> _Task description_:
Images are to be left out; everything else in the listing should be repeated exactly.

> _Collected data_:

#####

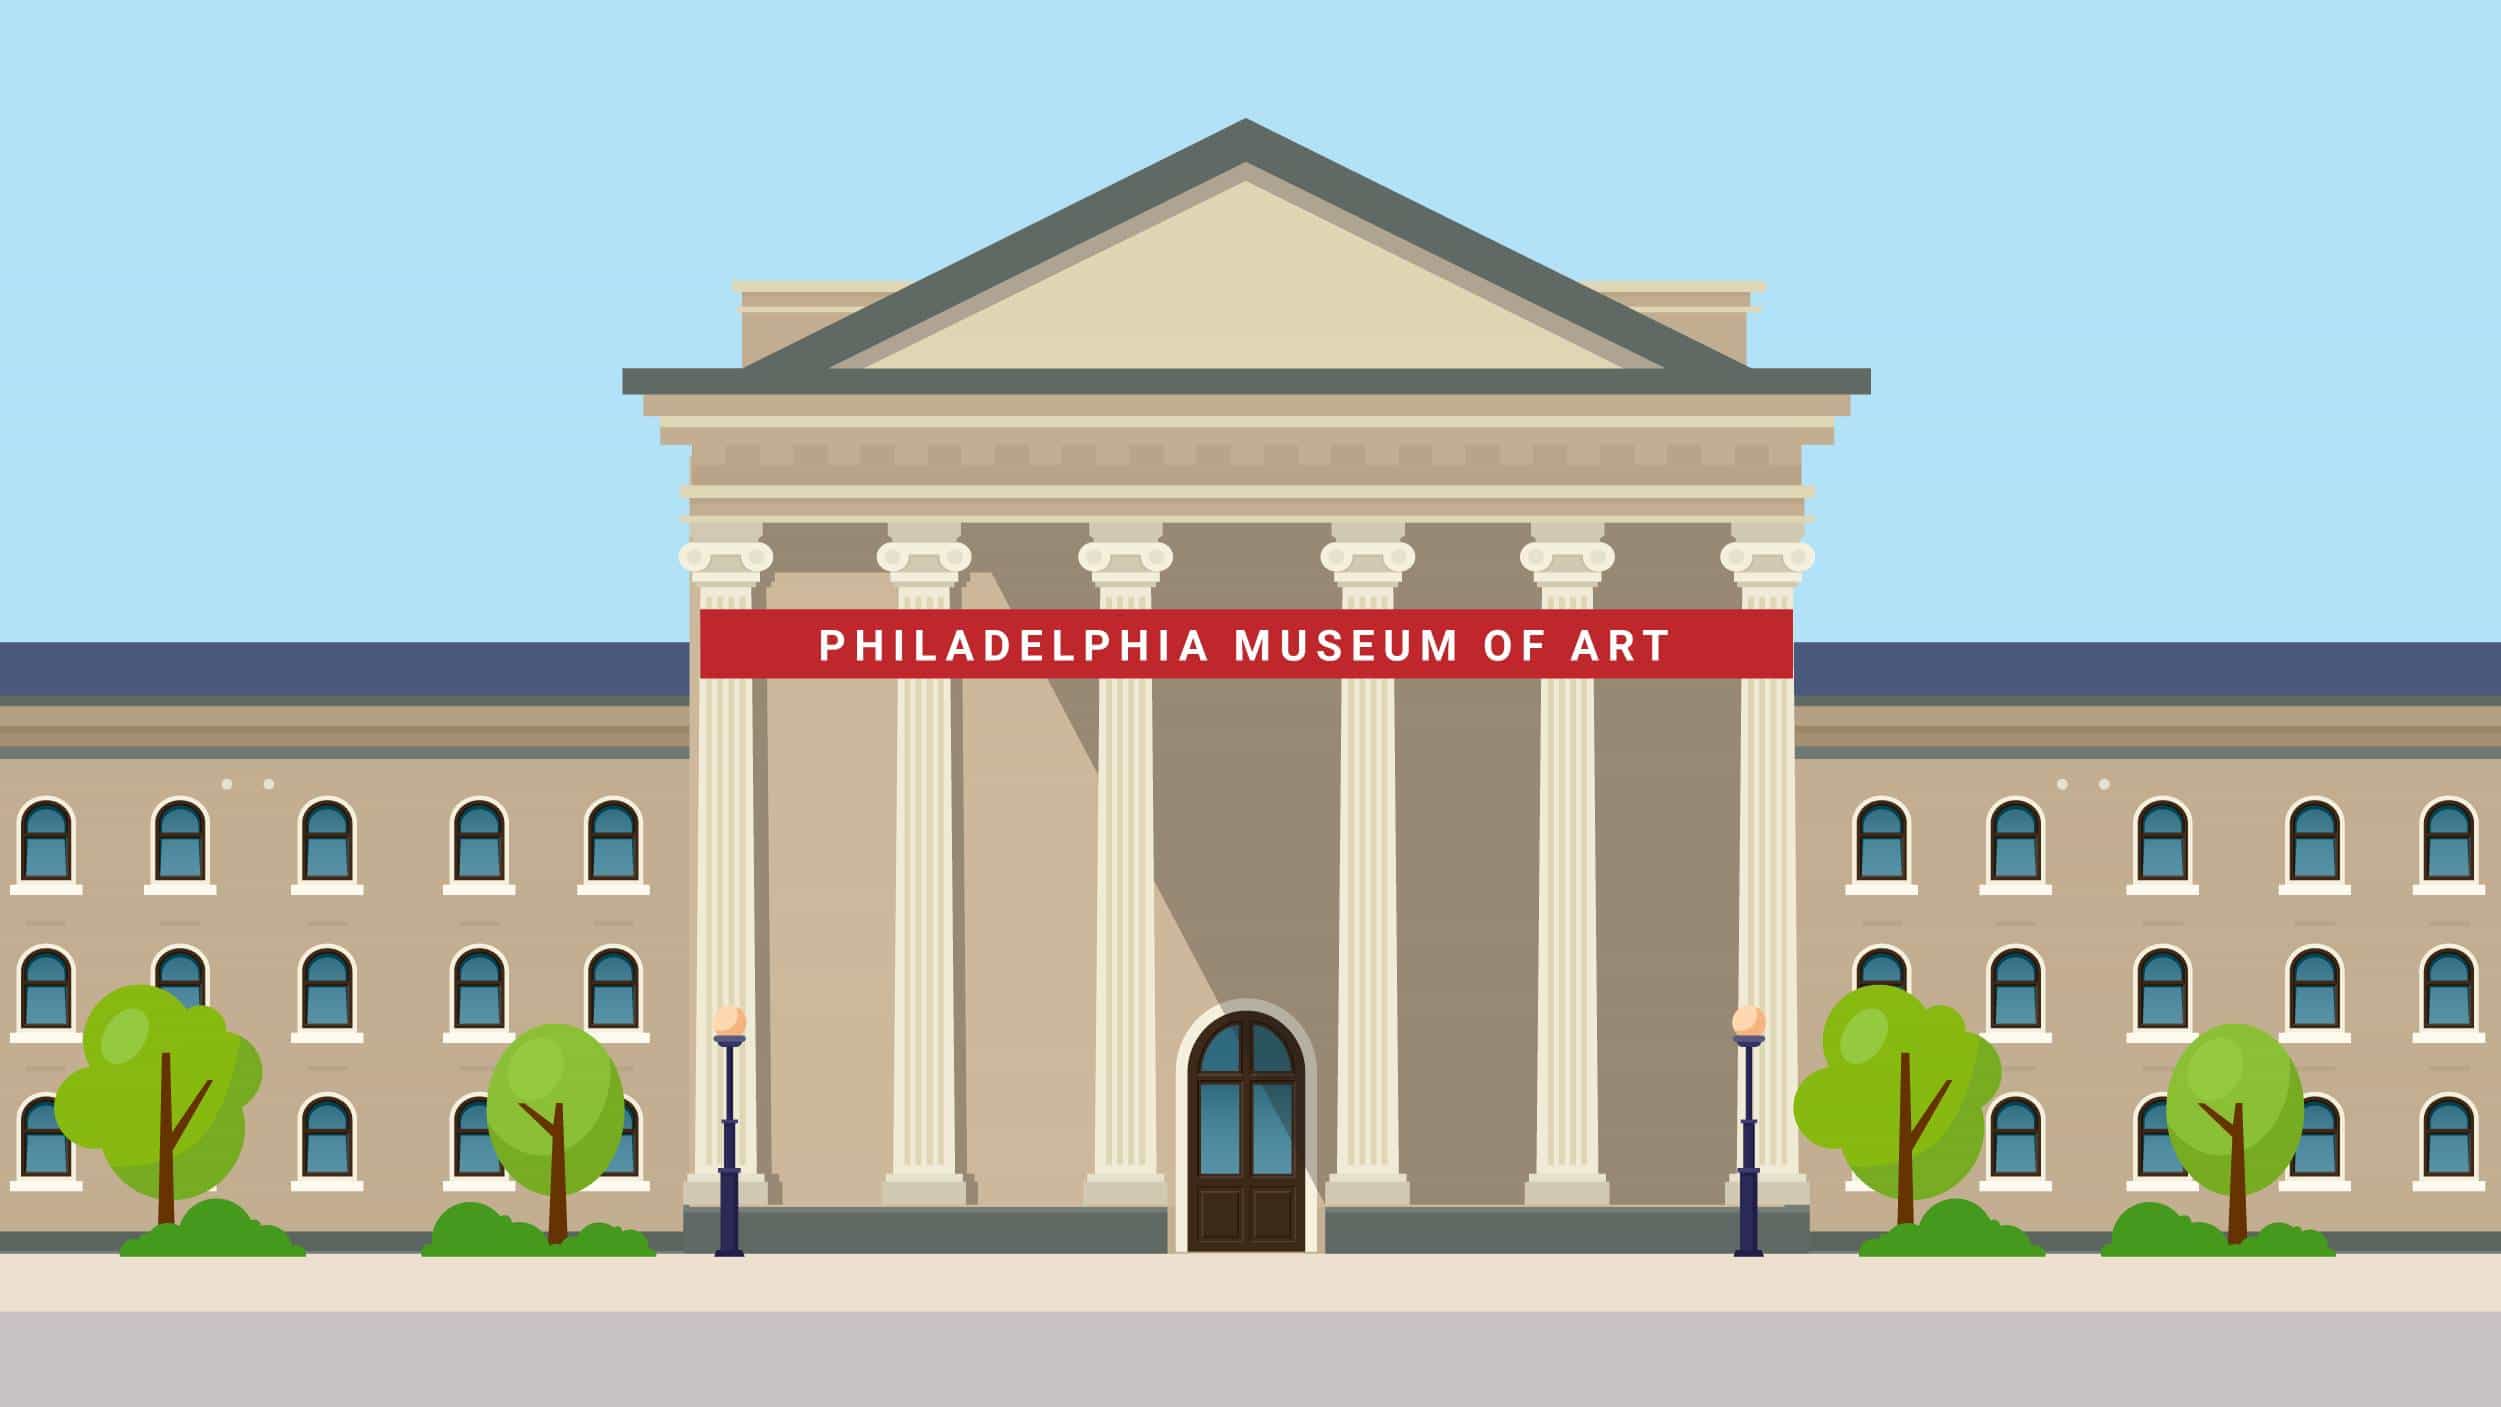 An illustration of the Philadelphia Museum of Art.
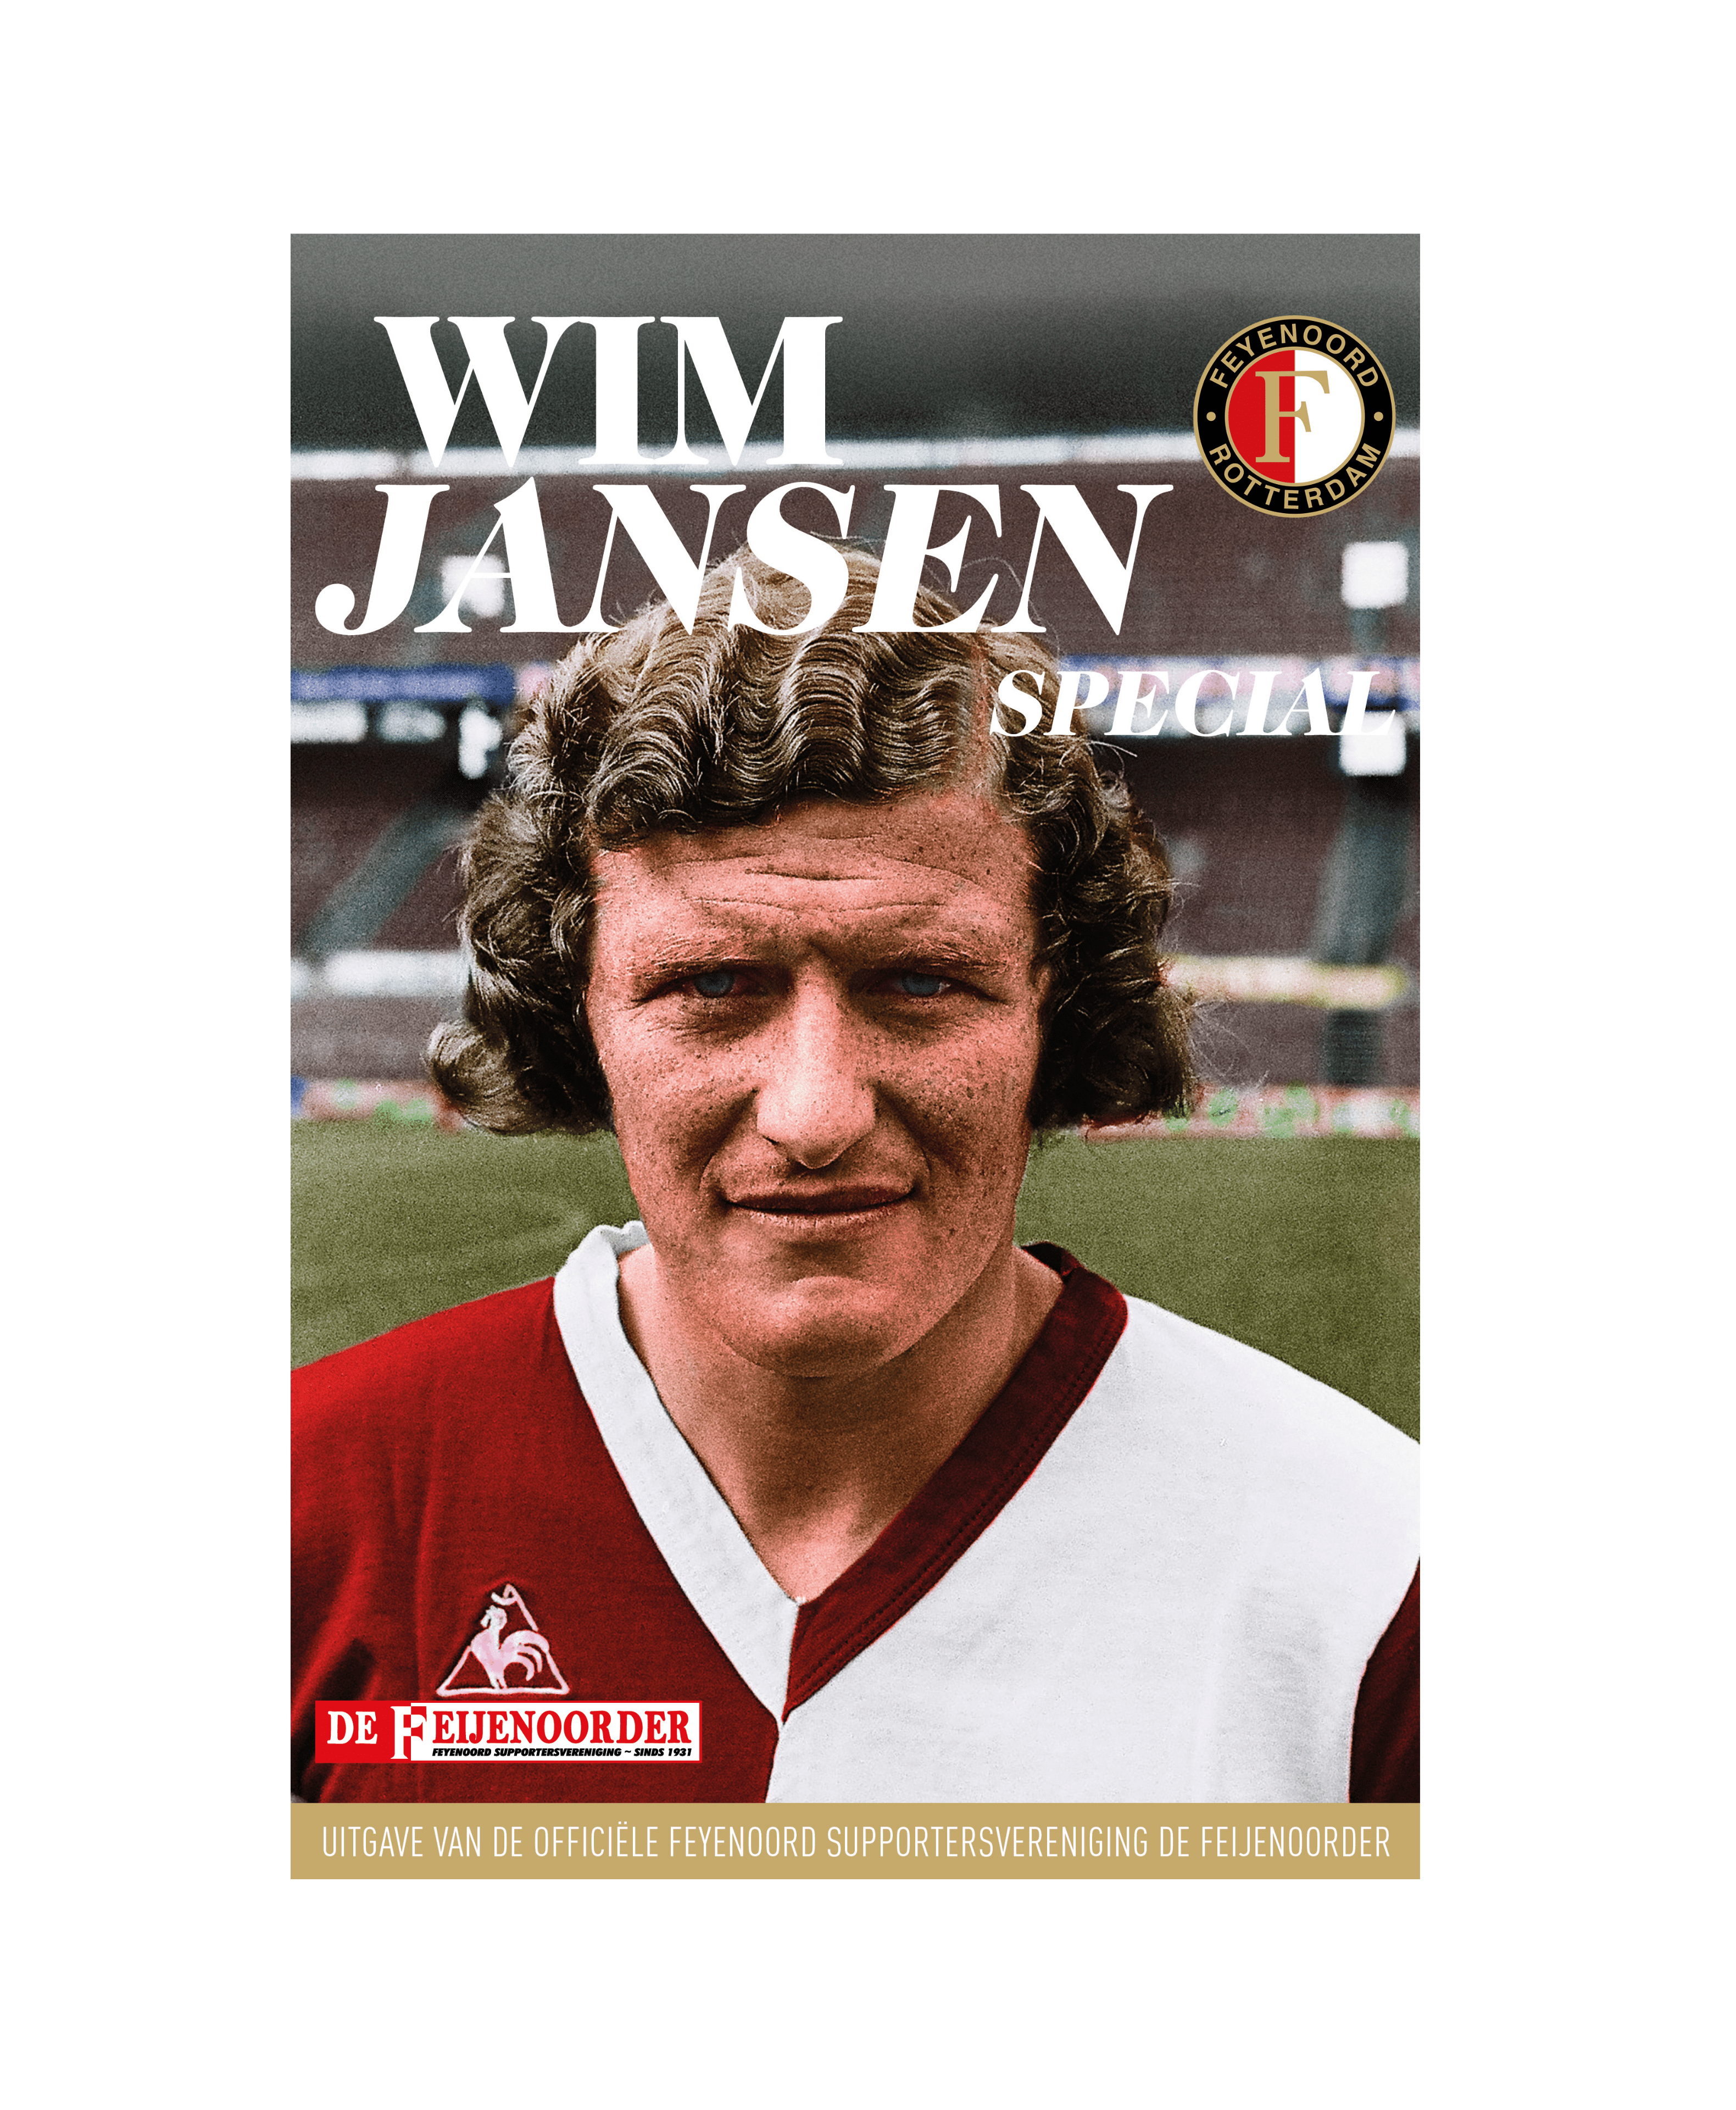 Wim Jansen special
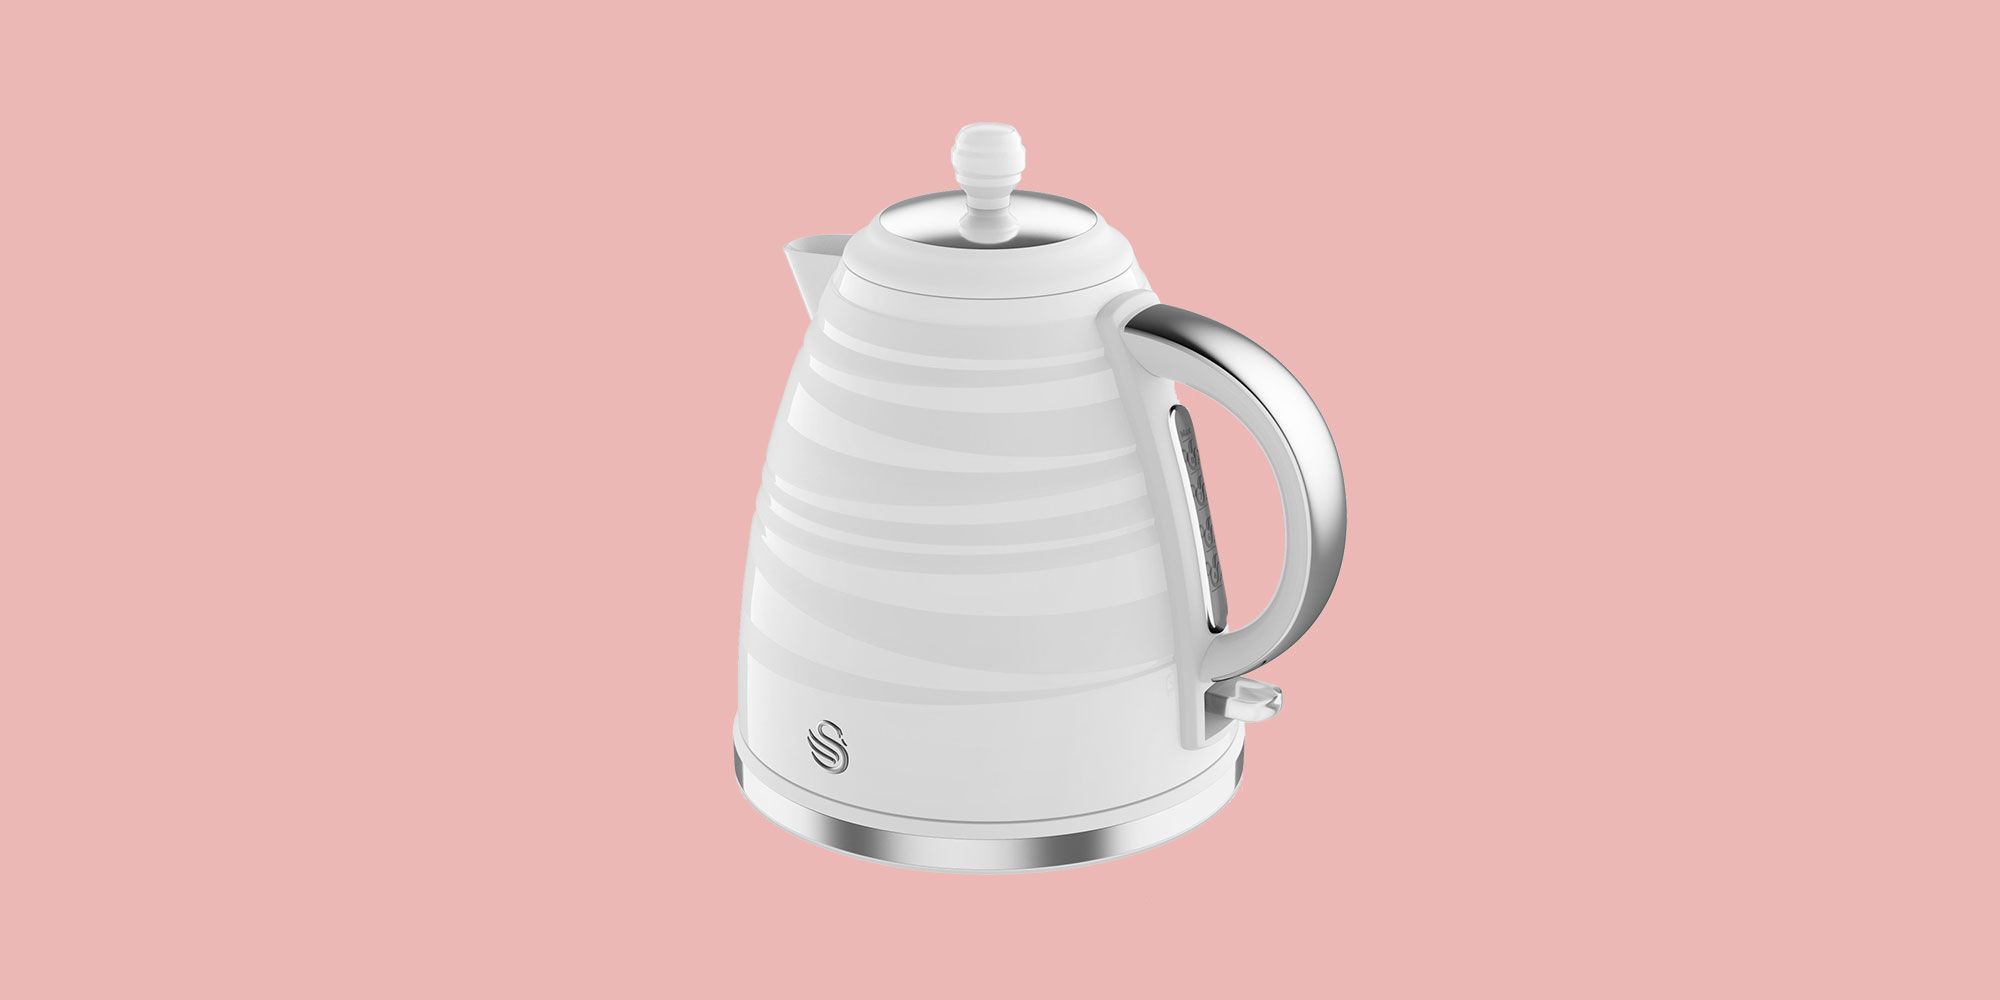 Best kettles to buy in 2024 UK

#####

> _Result for this task_:
 An illustration of the Philadelphia Museum of Art.
 Wim Jansen special
 Best kettles to buy in 2024 UK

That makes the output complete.